The broader implication: any iterative self-improvement loop where the same model evaluates and generates will eventually converge unless the evaluation signal is anchored to an external reference point — whether that's a past model, a future model, or an external critic.

Complementary fix — Meta-Rewarding: Why do self-improvement loops eventually stop improving? addresses the same saturation problem from a different angle. While temporal anchoring fixes the preference signal (maintaining the chosen-rejected gap), Meta-Rewarding fixes the evaluator quality by adding a meta-judge that evaluates the judge's judgments. The two solutions are complementary: temporal anchoring prevents gradient collapse; meta-judging prevents evaluation stagnation. A system could use both — meta-judging to improve judge accuracy, temporal anchoring to maintain preference signal strength.

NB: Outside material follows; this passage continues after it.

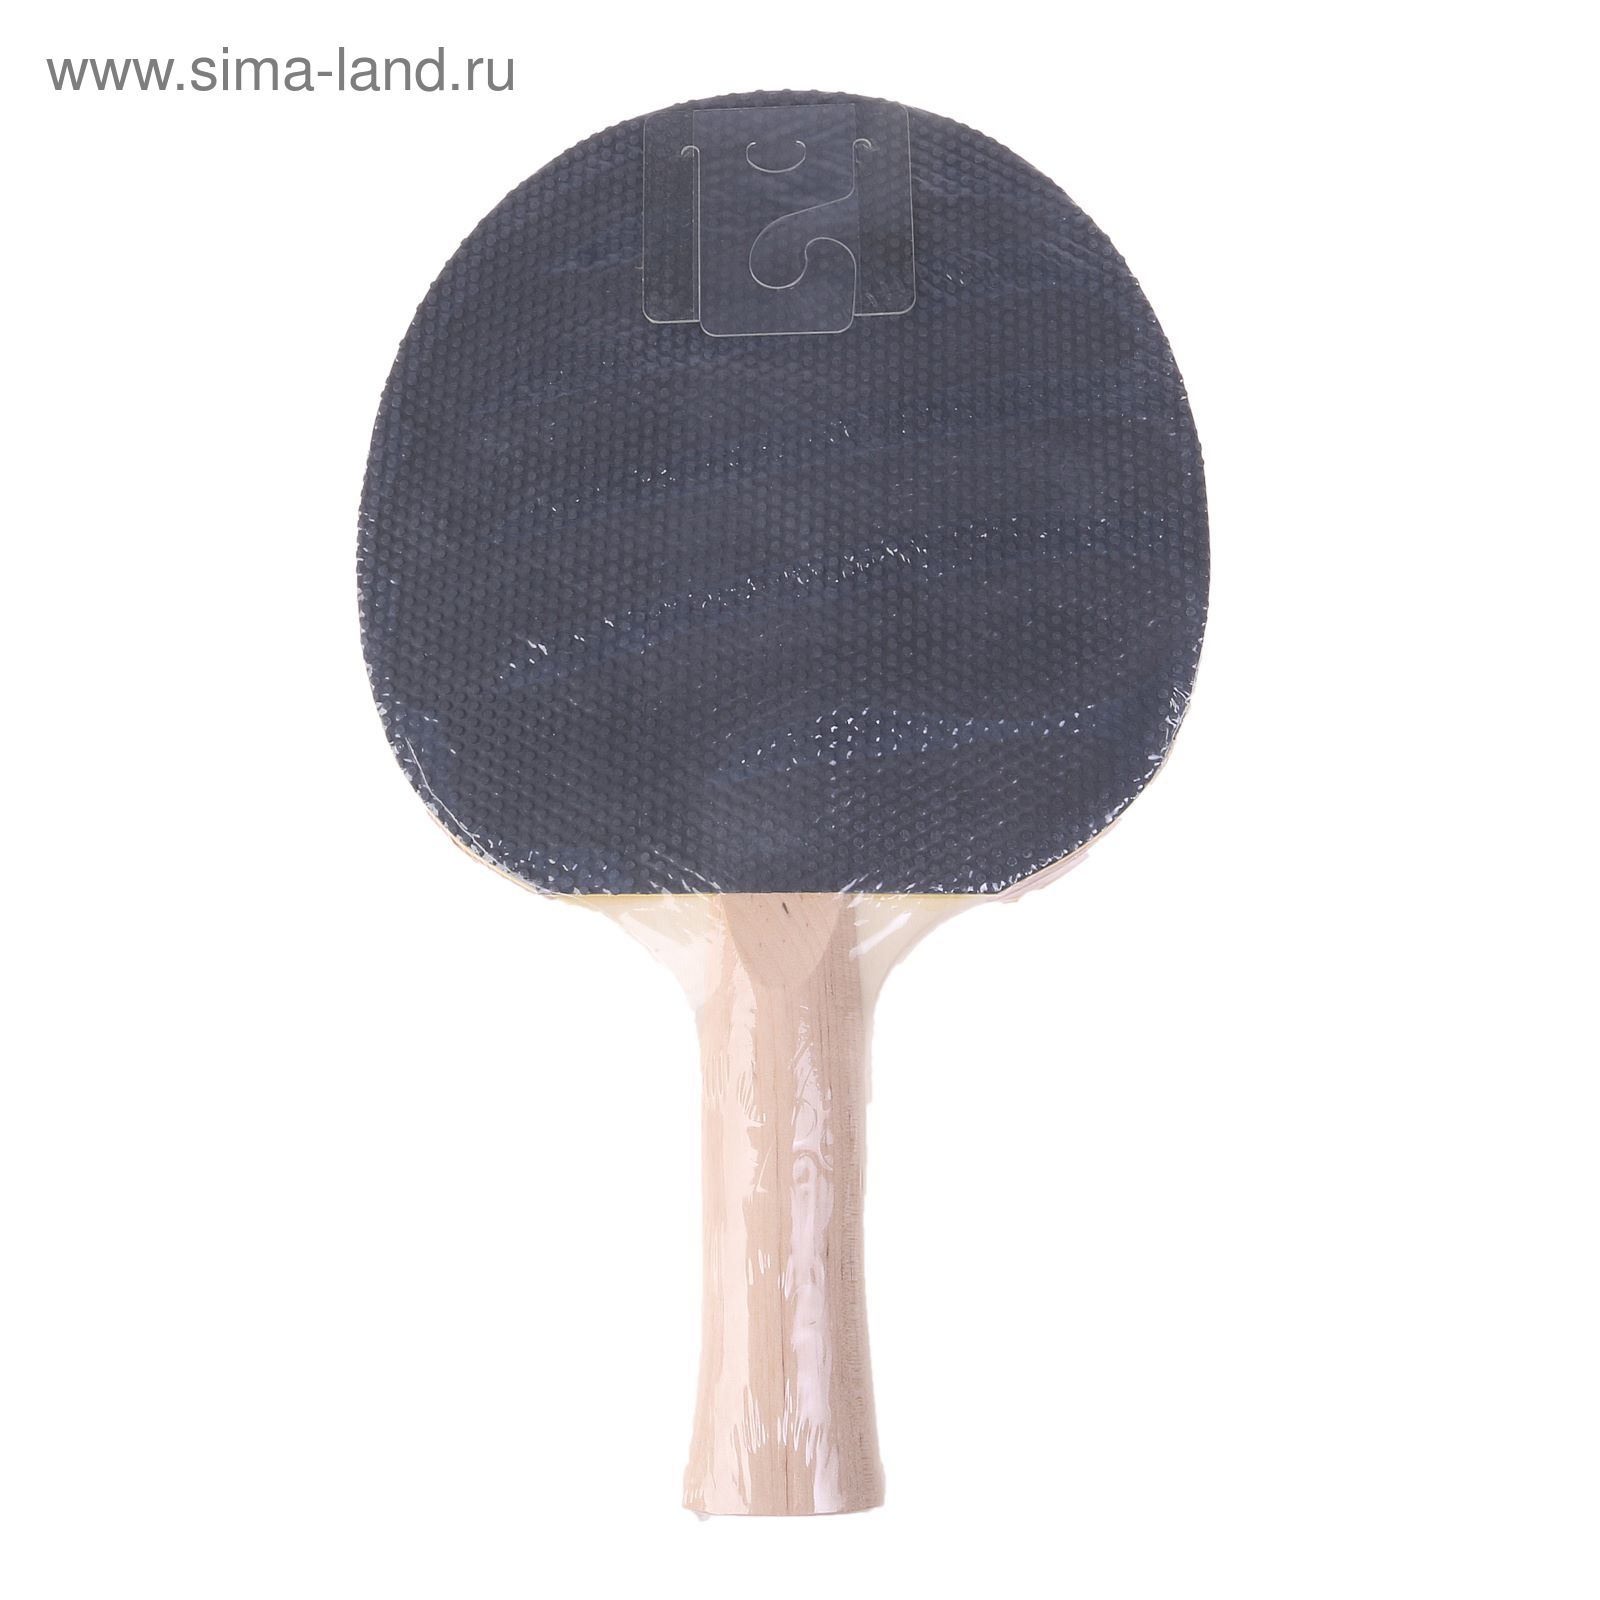 Ракетка для настольного тенниса Stiga Power, для начинающих

Source: Reward Models — Self-Rewarding Language Models (arxiv 2401.10020), Temporal Self-Rewarding Language Models (arxiv 2508.06026)

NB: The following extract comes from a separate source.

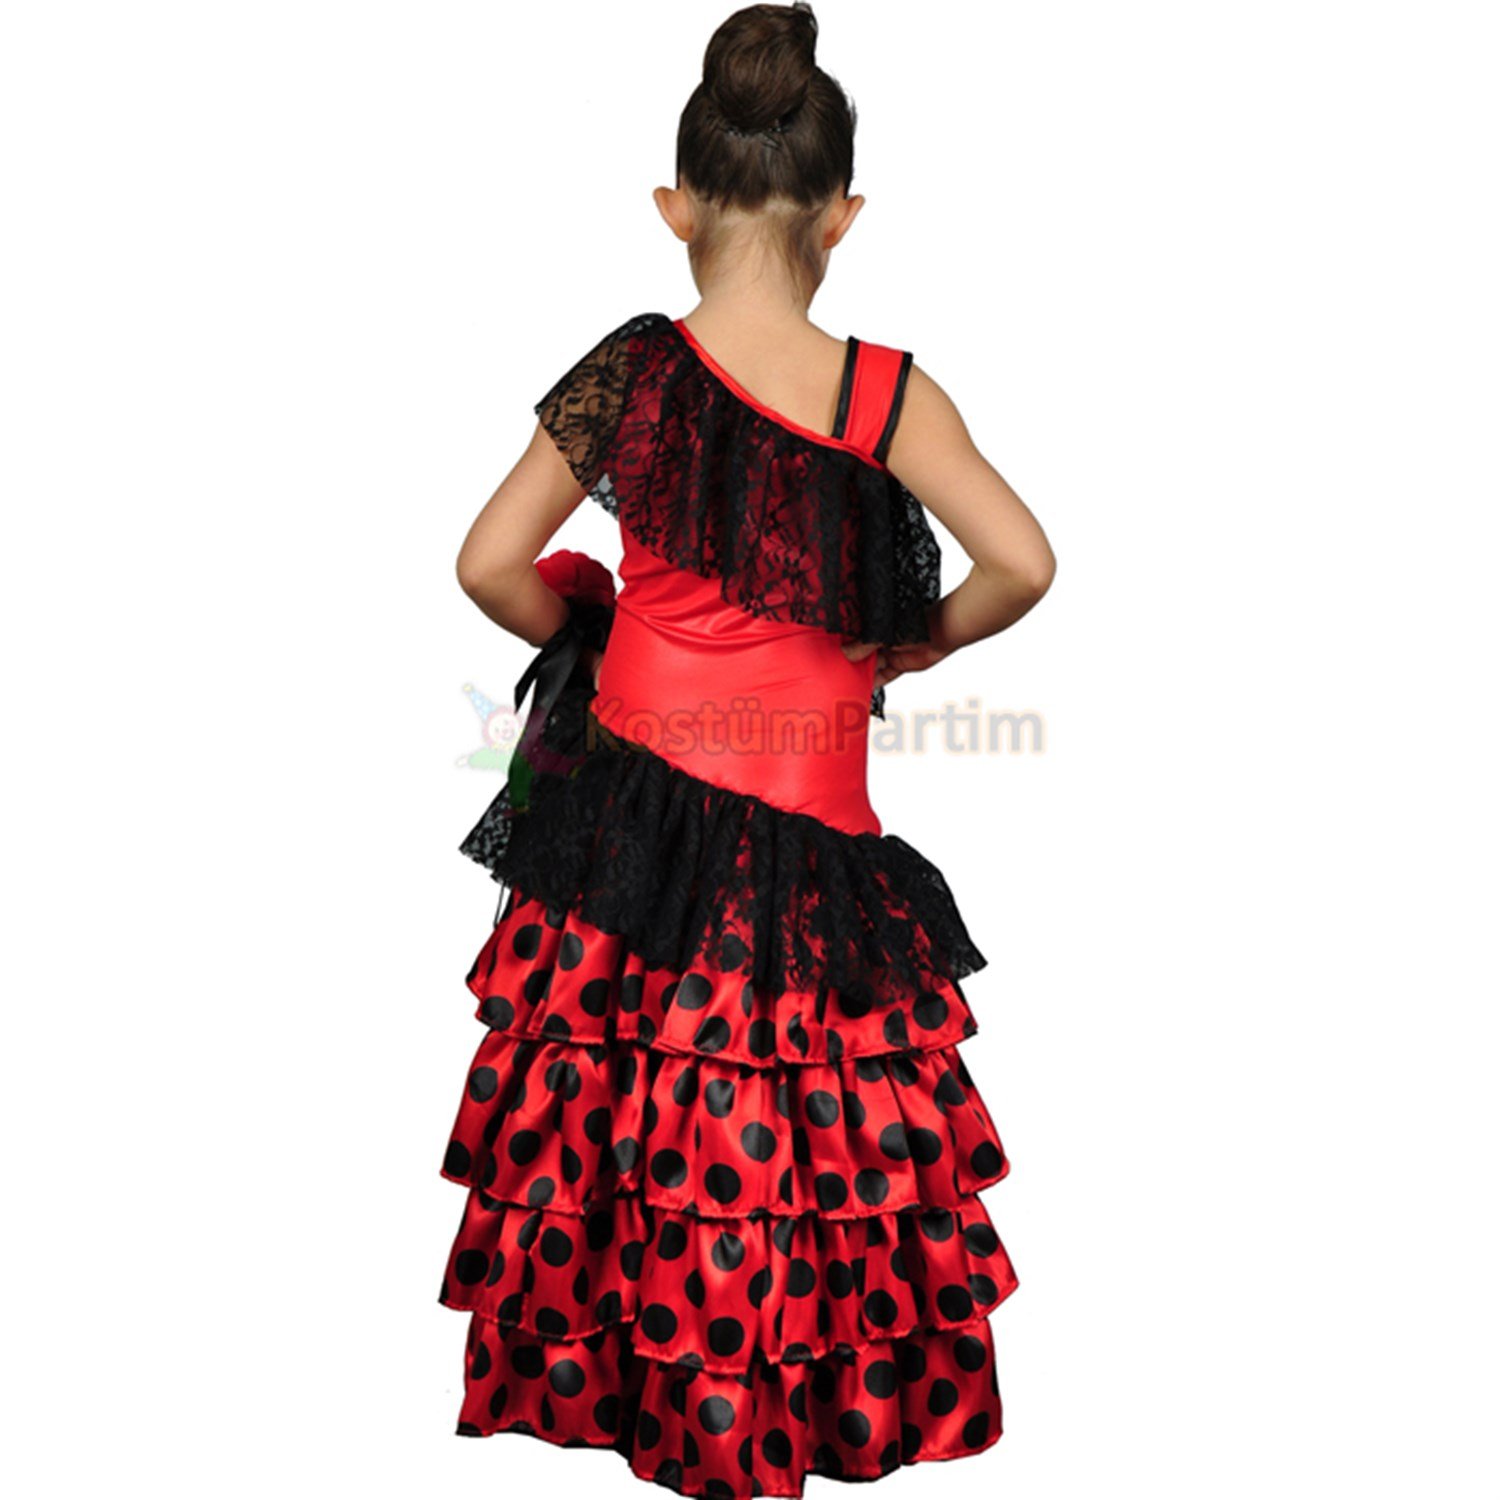 Kırmızı Roman Dans Kıyafeti Kız Çocuk - KostümPartim®

Related concepts in this collection

How quickly do errors compound during model self-training? When LLMs train on their own outputs without verification, do small mistakes amplify exponentially? This matters because it determines whether unsupervised self-improvement is even feasible.
related iterative training failure; here the mechanism is convergence not error accumulation
Does a model improve by arguing with itself? When models revise their own reasoning in response to self-generated criticism, do they converge on better answers or worse ones? And how does that compare to challenge from other models?
both show single-model self-evaluation limits; temporal decoupling and multi-agent debate are parallel solutions
Does revising your own reasoning actually help or hurt? Self-revision in reasoning models often degrades accuracy, while external critique improves it. Understanding what makes revision helpful or harmful could reshape how we design systems that need to correct themselves.
the external reference principle: internal evaluation degrades, external stabilizes
Why do models trust their own generated answers? Can language models reliably detect their own errors through self-evaluation? This explores whether the same process that generates answers can objectively assess their correctness.
self-rewarding inherits this bias; temporal anchoring partially addresses it

Concept map

16 direct connections · 118 in 2-hop network ·medium cluster

Why does self-rewarding training collapse when r… How quickly do errors compound during model self-t… Does a model improve by arguing with itself? Does revising your own reasoning actually help or … Why do models trust their own generated answers?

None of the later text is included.